However, it’s not quite accurate to use the above argument to explain why Vector{T} is invariant in T. The real reason is because all parametric types in Julia are invariant (except for tuples). Vector{T} just happens to be one case of a parametric type. To borrow an example from the manual, we could define an immutable Point type, like so:

struct Point{T}

The Point type is immutable, so one could legitimately ask why Point{Float64} is not a subtype of Point{Real}. In other words, why isn’t Point{T} covariant in T? The manual does provide some explanation:

In other words, in the parlance of type theory, Julia’s type parameters are invariant, rather than being covariant (or even contravariant). This is for practical reasons: while any instance of Point{Float64} may conceptually be like an instance of Point{Real} as well, the two types have different representations in memory:

  • An instance of Point{Float64} can be represented compactly and efficiently as an immediate pair of 64-bit values;
  • An instance of Point{Real} must be able to hold any pair of instances of Real. Since objects that are instances of Real can be of arbitrary size and structure, in practice an instance of Point{Real} must be represented as a pair of pointers to individually allocated Real objects.

So, if I interpret that correctly, that means that the main reason that parametric types are invariant in Julia is due to performance considerations. However, there could be more to the story—I’d be interested to hear a more detailed explanation of the design decision.

Languages like C#, Scala, and OCaml have a syntax to declare whether custom types are covariant, contravariant, or invariant. For example, Scala prefixes type variables with + or - to indicate covariant or contravariant, respectively. If Julia had syntax like that, then we could do something like this:

struct ImmutableVector{+T,N}

and then we would have ImmutableVector{Float64} <: ImmutableVector{Real}.


Yes, it’s critical for performance. See my explanation here: Problem with Complex{Rationals} - #7 by stevengj


Whilst I understand the performance differences, I don’t fully get this:

If you have a compiled function that operates on an Complex{Real} or an array of Complex{Real}, therefore, it is completely different from code that operates on Complex{Rational{Int}}. You can’t use either one for the other. (If A is a subtype of B, it essentially means “compiled code for B can be used on instances of A” — this is the purpose of the subtype relation, to decide what code is applicable to what types.)

Doesn’t Julia specialize implementations of function methods for each concrete argument type?
But Julia doesn’t allow subtyping from concrete types. Presumably there are good reasons for this. (naively, it seems it would create complications).
Subtype relation is used for dispatch, not compiled code?

Conceptually, if Julia allowed subtyping from concrete types, would there be a performance issue? Would the specialization handle this correctly?

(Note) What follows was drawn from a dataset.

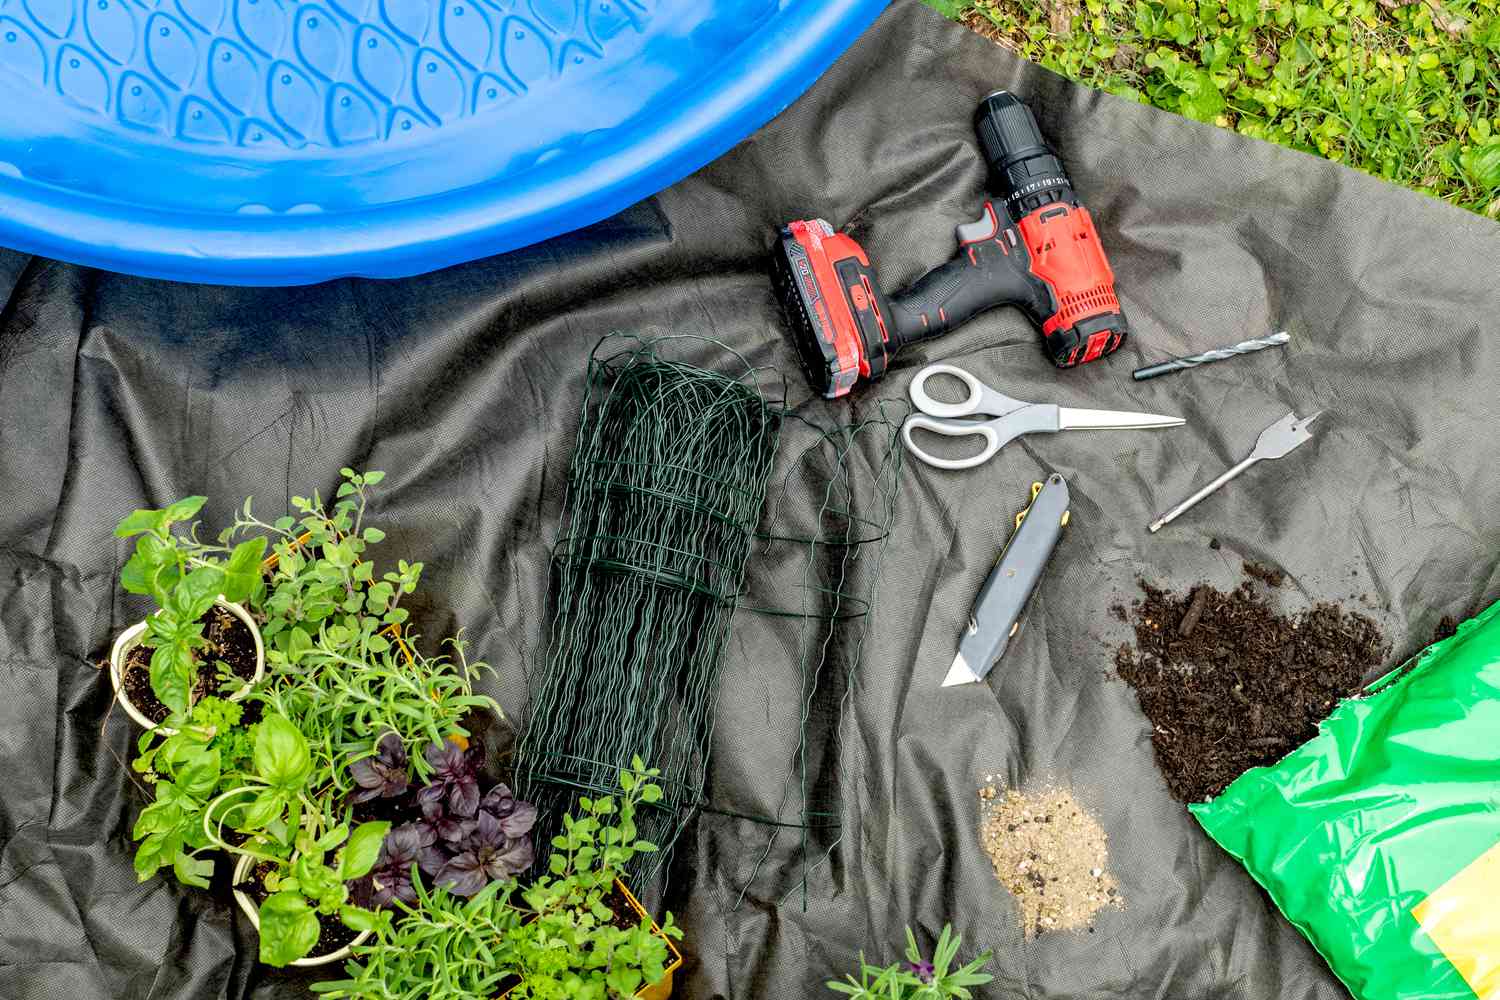 Materialien und Werkzeuge zum Anlegen eines Gartens in einem Kinderbecken

So maybe the reason for invariant parametric types is a bit more complicated?

1 Like

I am not sure what that would look like.

Imagine what this would mean for working with an array a of type Vector{Float64}, for example:

  • Currently, this can be stored as a consecutive sequence of 8-byte chunks in memory, and if the compiler sees a[i] + 1.5 it knows that it can compile this into a load instruction and a floating-point addition.

  • If Float64 could be sub-typed, however, then the elements of a could be any subtypes of Float64 — they would have to be pointers to “boxes” containing a type tag (to say what type they really are) along with the actual data, and for an expression like a[i]+1.5 the compiler would need to generate code that chases the pointer, looks at the type tag, and does dynamic (runtime) dispatch to the correct + operation.

Moreover, dynamic dispatch in a multiple-dispatch language like Julia is even more expensive than dynamic dispatch in a single-dispatch (traditional OOP) language like C++ (where they have vtables), so devirtualization (figuring what what methods to call at compile-time) is a critical optimization, to the point where nearly all optimized Julia code is devirtualized in practice. Making concrete types final (non-subtypable) gives the compiler many more chances for devirtualization. Even in C++, people often recommend final classes to enable devirtualization.

Because multiple dispatch allows you to add new functions to existing types (see also this discussion and this talk on the expression problem of OOP), there is much less need for subtyping of concrete types in Julia than there is in OOP languages. Because of that, it was a practical choice to make all concrete types “final”, reaping vast benefits in performance as well as simplifying the language.


I think the boolean question you are trying to ask is actually this:

julia> typeof([1,2,3]) <: Vector{T} where T <: Number

or maybe simpler:

julia> isa([1,2,3], Vector{<:Number})

Also see this:

julia> isa(Number[1,2,3], Vector{Number})